A total of 114 of such drifters were deployed in the SPURS region, focusing on the period August 2012–April 2014 (Centurioni et al. 2014, manuscript submitted to Oceanography). The goal of this study is to evaluate their performance and discuss the quality control of the salinity measurements. Several cluster deployments allow for intercomparisons of drifter salinities (Centurioni et al. 2014, manuscript submitted to Oceanography), particularly when other independent datasets such as Argo or Aquarius cannot provide useful observations. The quality control of the salinity measurements from the drifters is essential, since they represent an important dataset for the calibration and validation of the SSS satellite missions as well as can contribute to the closure of the salinity budget in the SPURS region (Moisan and Niiler 1998; Schmitt and Blair 2014, manuscript submitted to Oceanography.)
2. Data
In this study, we consider a subset of 83 (out of 114) satellite-tracked Surface Velocity Program salinity drifters (SVP-S). All SVP-S drifters were manufactured by Pacific Gyre Inc., and provided useful salinity measurements in the central SPURS region from a few weeks to more than one year (~50% of which were still active at the end of the analyzed period; Fig. 1a). The SVP-S drifters were equipped with an unpumped Sea-Bird Electronics SBE37-SI [accuracy: 0.0003 S m−1 for conductivity (~0.003 psu) and 0.002°C for temperature] located just underneath the surface buoy at an approximate depth of 50 cm. The conductivity (or salinity) sensor was polled for instantaneous sampling once a minute for 5 min before each 30-min-interval satellite transmission. The five instantaneous salinity samples were then averaged and the value was transmitted. A more complete set of SVP-S specifications can be found in Reverdin et al. (2007).

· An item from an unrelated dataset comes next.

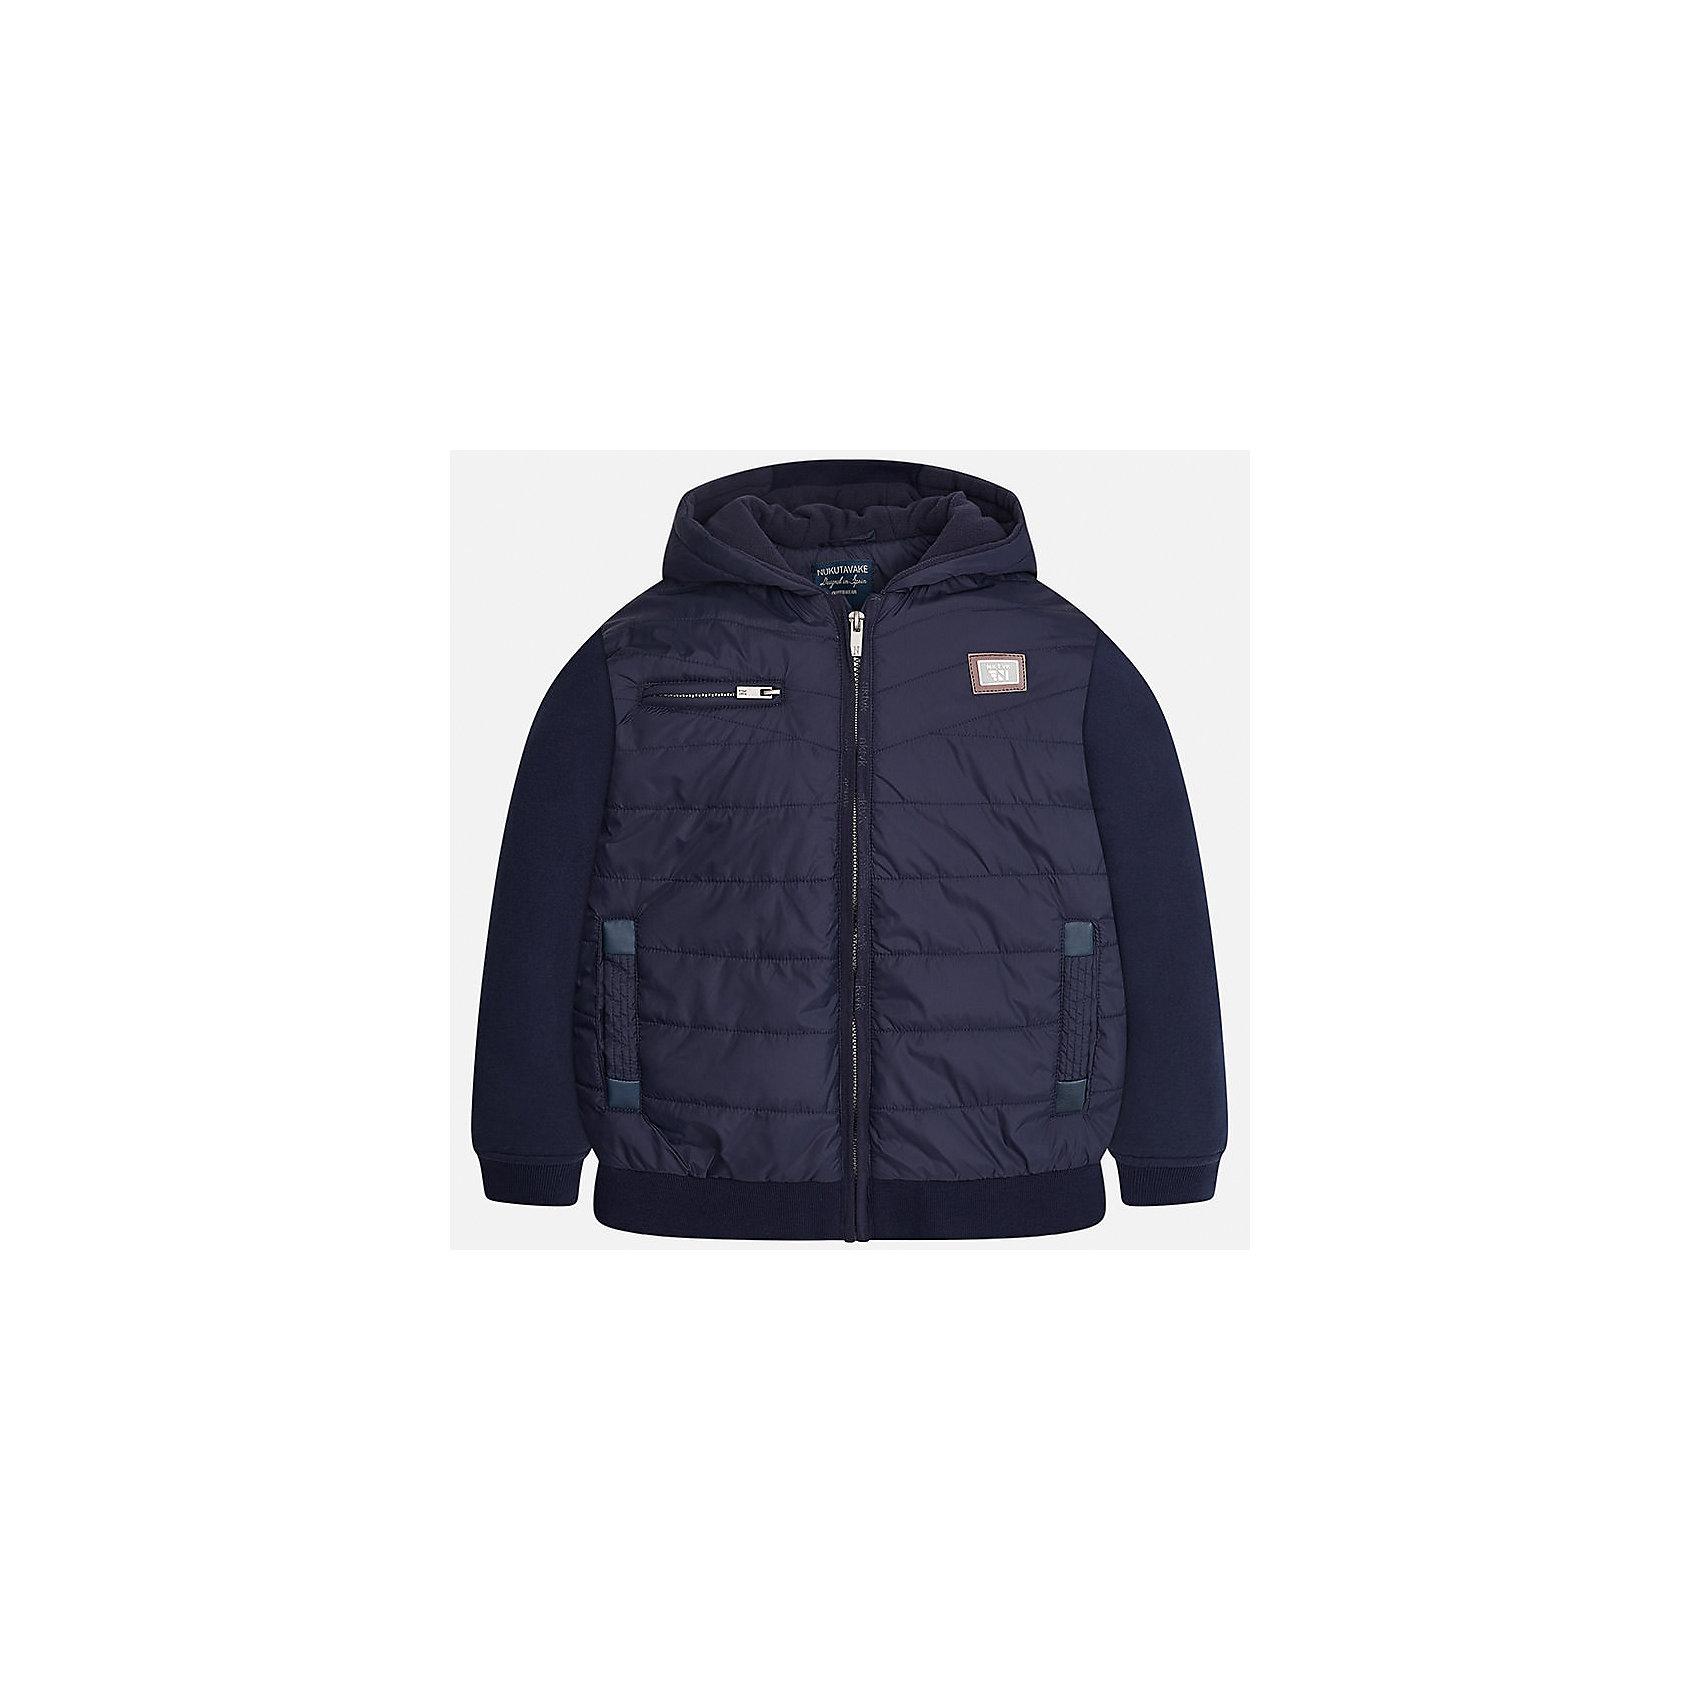 Куртка для мальчика MayoralВерхняя одежда<br>Характеристики товара:<br><br>• цвет: темно-синий;<br>• сезон: демисезон;<br>• состав ткани: 100% полиэстер;<br>• состав подкладки: 100% полиэстер;<br>• на молнии;<br>• капюшон не отстегивается;<br>• страна бренда: Испания;<br>• страна изготовитель: Китай.<br><br>Демисезонная куртка для мальчика от популярного бренда Mayoral несомненно понравится вам и вашему ребенку. Качественные ткани, безупречное исполнение, все модели в центре модных тенденций. <br><br>Изюминкой этой модели является комбинация разных фактур ткани - мягкая плащевая ткань - хорошая воздухопроницаемая защита,  трикотажные рукова - не стесняют движений,  а также подкладка из флиса и аккуратные швы. Рукава и пояс на элестичных манжетах. Застегивается на молнию, капюшон не отстегивается,  карманы спереди на молниих.<br><br>Легкая и теплая куртка с капюшоном и карманами на холодную осень-весну. Грамотный крой изделия обеспечивает отличную посадку по фигуре. Все эти преимущества делают данную модель незаменимой для активных прогулок.<br><br>Куртку  для мальчика Mayoral (Майорал) можно купить в нашем интернет-магазине.<br><br>Ширина мм: 356<br>Глубина мм: 10<br>Высота мм: 245<br>Вес г: 519<br>Цвет: синий<br>Возраст от месяцев: 96<br>Возраст до месяцев: 108<br>Пол: Мужской<br>Возраст: Детский<br>Размер: 128/134,170,140,152,158,164<br>SKU: 6938701

(a) Tracks of SVP-S drifters in the SPURS region between August 2012 and April 2014, where color indicates quality-controlled salinity measurements; missing values are shown in black. (b) Drogue status of the salinity drifters as determined by a manual evaluation (i.e., visual inspection of the individual strain gauge data; cf. section 2).
Citation: Journal of Atmospheric and Oceanic Technology 32, 1; 10.1175/JTECH-D-14-00179.1
The presence of the drogue was detected with a strain gauge that measures the deformation of the drifter’s hull due to the force applied by the tether-drogue assembly. A drogue-loss evaluation was performed on the SPURS salinity drifters, and we concluded that more than 50% of the drifters had their drogue attached through the end of the analyzed records (Fig. 1b).
To verify the drifter salinities, both delayed-mode and real-time Argo measurements in the upper 10 m (or dbar) with quality-control flags indicating good data (i.e., 1, 2, 5, or 8; Wong et al. 2014) were downloaded from http://www.usgodae.org/cgi-bin/argo_select.pl. Typically, Argo floats collect one profile every 10 days. The salinity observations target a long-term accuracy of 0.01 psu (e.g., Riser et al. 2008).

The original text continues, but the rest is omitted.